Protesting the Backcountry: Building a Better Backcountry Ski

I grew up on water skis, cutting around buoys. (I also grew up laughing at what ‘powder skiing’ was at the time, all them cute little squiggles down a mountain.) Powder shares many attributes of a fluid, and virtually none of the characteristics of the world for which the <90mm waisted disasters known as skis back then were designed for.

Put simply, ski racing drove ski design for far too long. Shane McConkey may not have been the first to realize this, but he was certainly the first with a high enough profile and the credibility as a top level athlete to get a large ski manufacturer to pull their butts off of a slalom gate and produce something new.

Thanks, Shane.

I mention this bit of history that many of us already know because I think some of the lessons of the Spatula have been forgotten. There are so many skiers these days who never had a chance to ski those shiny, silver experiments, that’s it’s really a shame that the outer limits of certain design concepts aren’t known to them. The extremes of many skiers’ understanding of a full reverse sidecut, reverse camber (let’s just call it fully rockered) design hits the wall at some current hybrid shape, somewhere between a Spatula and a GS ski. Lots of skis are rockered to some degree, but how many are also truly tapered? When I say tapered, I mean: starting from the center of the ski and running an appreciable length down toward the tip and tail, and not merely 6 inches from the ends of the ski. (That taper, by the way, is how you get a drag free ski tip to keep from grabbing in heavy snow.)

Photo of the taper of the DPS Lotus 138
Just so you know, when I'm talking about taper, I really mean taper. DPS knows.

Some skis are tapered, but how many are anywhere near a reverse sidecut, or at the very least close to reverse sidecut, which is to say, straight? (Even straight-ish is a better approach to powder and funky snow than any sidecut.) There are a few skis that come close by my estimations, but there are not enough.
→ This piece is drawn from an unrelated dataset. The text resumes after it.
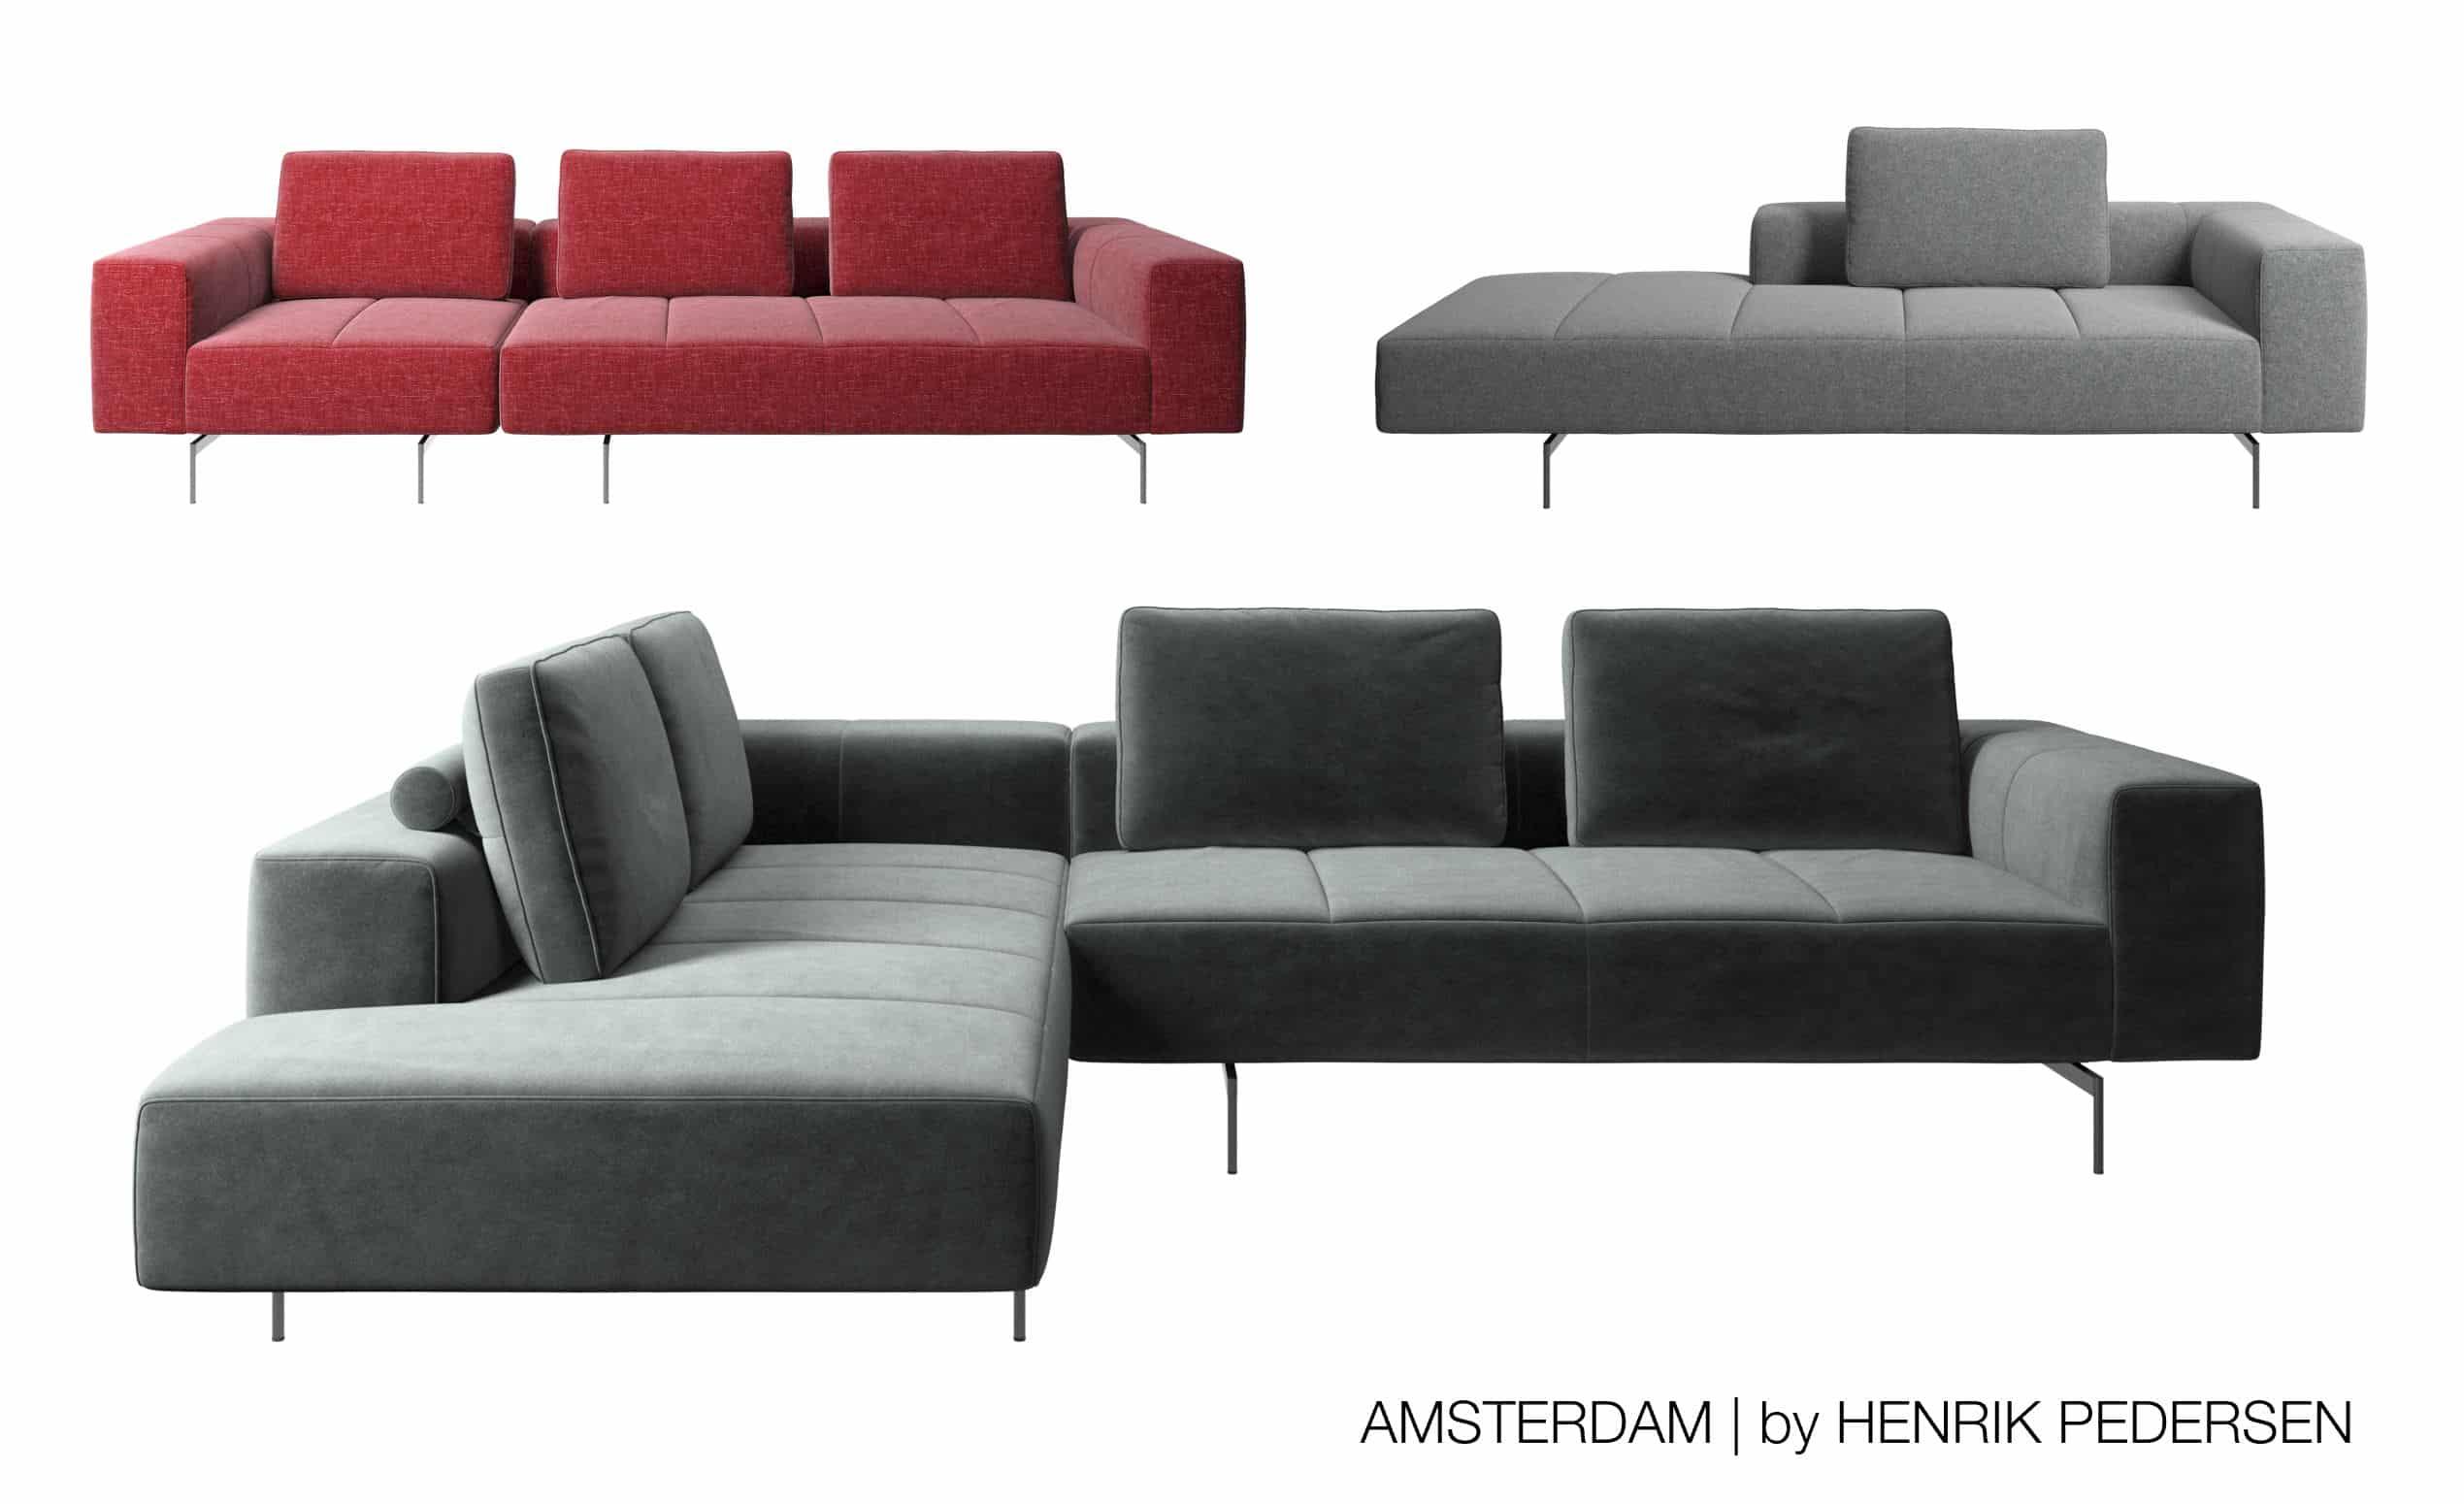 Full Size of Amsterdam Sofa By Henrik Pedersen Boconcept Experience Grün Billig Breit Big Grau Cassina U Form Garten Ecksofa Englisches Leder Sofa Sofa Hannover

Some companies are building rockered AND tapered skis that are pretty popular (I’m looking at you Armada JJ and Rossignol S7), but what’s with that pronounced deep curve right by the boot on the sidewall? Is all that really necessary?

Photo of the curves of the Rossignol S7
Why so curvy, yo? This wasn't designed for 50% powder, 50% slalom skiing, right?

It’s my firm belief that the popularity of these skis has everything to do with their leaning toward that general Spatula layout in powder snow, in spite of their clinging to some old modes of thinking, namely that ‘Well dude, we HAVE to have sidecut—how else you gonna turn!!?’

The best you know is the best you’ve ridden.

2 comments on “Protesting the Backcountry: Building a Better Backcountry Ski”

  1. The ski will be narrower all around. Essentially about 15mm subtracted from every dimension of the current Praxis Protest. That equates to a 113mm waist.